BLOG vom: 29.03.2006
Warum ich Geschäftsabschlüsse etwas anders interpretiere
Autor: Walter Hess
Der Frühling ist die hohe Zeit der Geschäftsabschlüsse. Das Unternehmen, das im vorangegangenen Berichtsjahr am meisten Umsatz zulegen und Gewinn generieren konnte, ist das grösste. Das Ranking will es so. Ist bei einem börsenkotierten Unternehmen der Gewinn grösser als die Analysten erwartet haben, steigt der Kurs, ist er kleiner, sinkt er eben. Analysten sind Wirtschaftsfachleute, die sich täuschen und die täuschen. Sonst würden sie ja immer richtig liegen. Und das tun sie selten.
Ich stütze mich auf die tatsächlichen Abschlusszahlen. Sind die Gewinne eines Unternehmens riesig, bedeutet das nach meiner persönlichen Interpretation, dass es seine Produkte oder Dienstleistungen viel zu teuer verkauft hat. Als Aktionär freue ich mich, für mich als Kunde ist das ein Warnsignal. Ich sehe mich veranlasst, die Angebote dieses im Abkassieren offensichtlich talentierten Unternehmens zu meiden und auf Marken auszuweichen, deren Gewinne einen vernünftigen Rahmen nicht überschreiten. Für gewisse Gewinne habe ich Verständnis, weil ein Unternehmen ja Reserven anhäufen muss, um seinen Verpflichtungen auch in schwierigen Zeiten nachkommen und gewisse Erneuerungen vornehmen sowie Forschungen vorantreiben zu können.
So hat der Schweizer Detailhandelskonzern Coop im Jahr 2005, wohl unter dem Druck der Aldi-Ankunft in der Schweiz, Preisreduktionen von 280 Mio. CHF an die Konsumenten weitergegeben. Der Betriebsgewinn sank um 21,7 %. Und das ist doch eine gute Reklame.
Natürlich sind die Unternehmensgewinne nur einer von vielen Faktoren bei Kaufentscheidungen. Ist der Gewinn klein, ist es auch möglich, dass eine Firma zu komplizierte Strukturen hat, schlecht gemanagt wird oder von der Firmenleitung geplündert wird. Auch ist es möglich, dass Rationalisierungseffekte und das Ausweichen auf Billiglohnländer den Gewinn in die Höhe schrauben. Man wird solche Aspekte auch in Erwägung ziehen müssen.

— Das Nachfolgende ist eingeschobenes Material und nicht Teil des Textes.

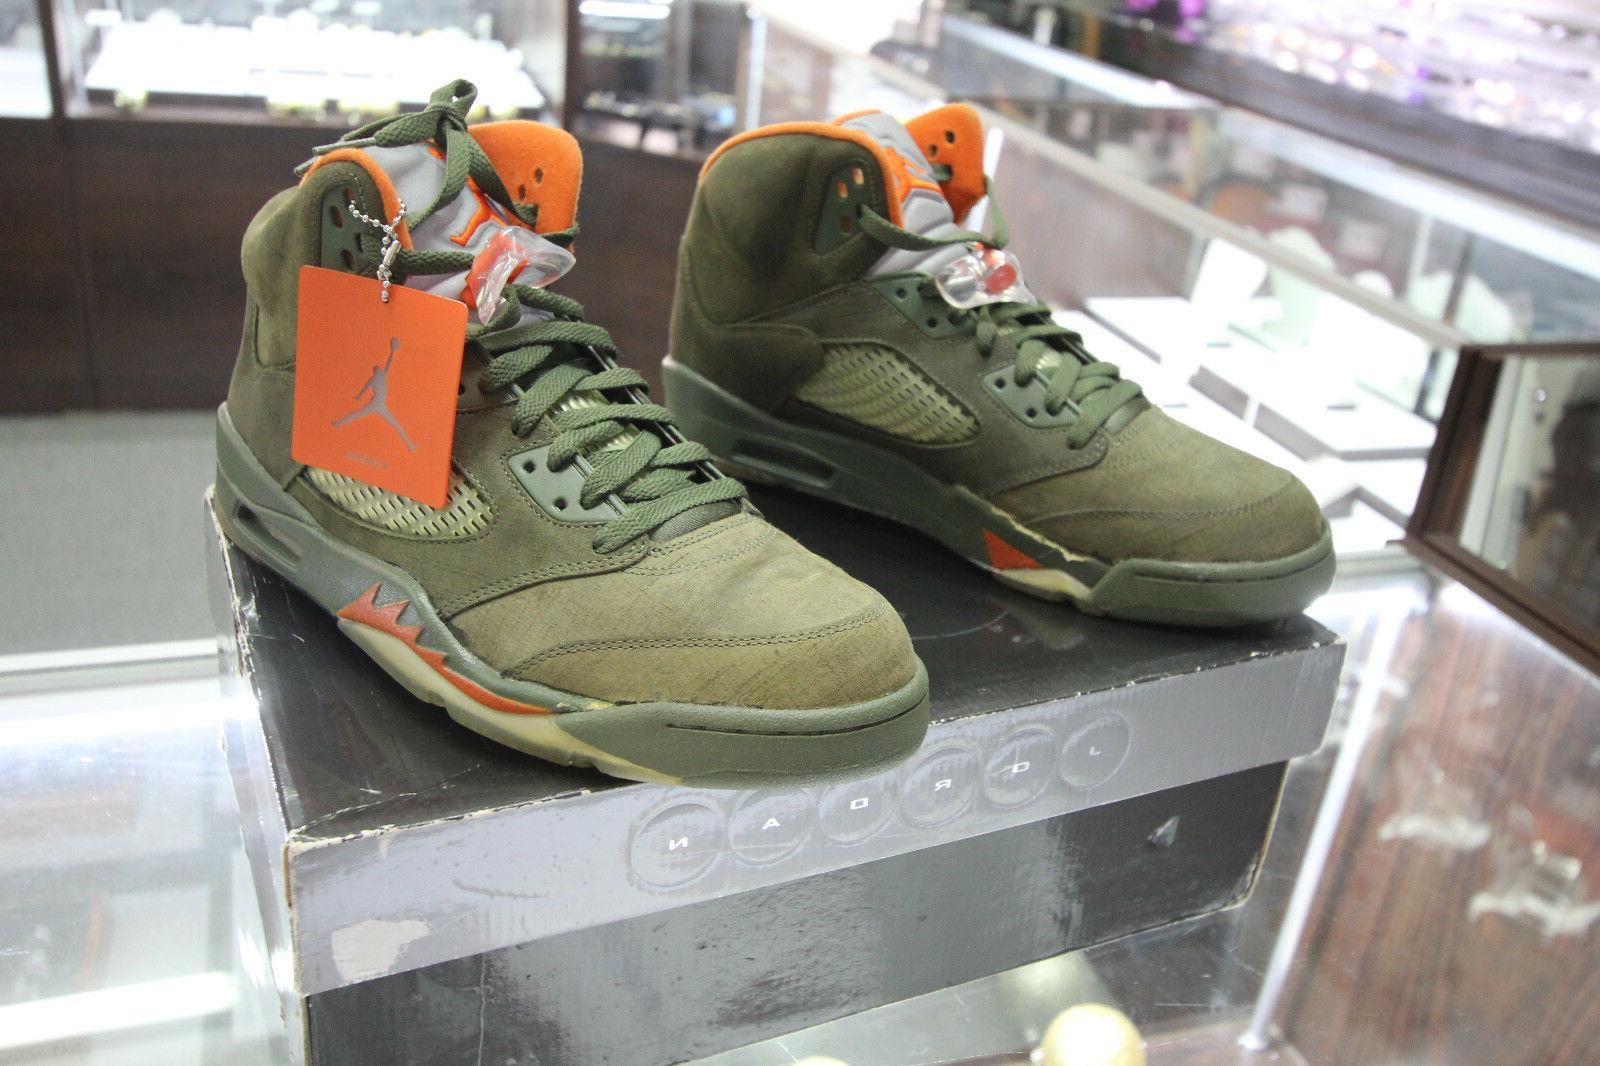 Nike Air Jordan V 5 Retro Army Olive Basketball Shoes VTG 20

Die Produkte eines Biobauern, dessen Wirtschaftsweise auf eine angepasste Vielfalt statt Rationalisierung beruhen, werden teurer sein als industriell hergestellte Massenware. Hier spielen starke Qualitätsaspekte ebenso mit wie auch der Umstand, dass Biobauern nicht zu den Grossverdienern gehören und also unsere Unterstützung aus mehreren Gründen verdienen – auch wegen einer ökologischen, tierfreundlichen Produktion.
Abschreckende Beispiele sind neben Konzern-Riesengewinnen auch grosse Werbeaufwendungen. Diese Werbekosten bezahlt am Ende ebenfalls der Konsument. Produkte, die uns ununterbrochen von Fernsehschirmen her belästigen und bedrängen, sind zwangsläufig ihren Preis nicht wert. Ich möchte jedenfalls nicht neben den TV-Gebühren auch noch dafür bezahlen müssen, dass ich zum Konsumtrottel gemacht werde, nur weil ich die Nachrichten hören und sehen wollte.
Sollte ich mit meiner kuriosen Haltung ziemlich einsam auf weiter Flur stehen, würde mich das nicht stören. Ich interpretiere und analysiere Indizien auf meine persönliche Art und bin damit noch nie schlecht gefahren.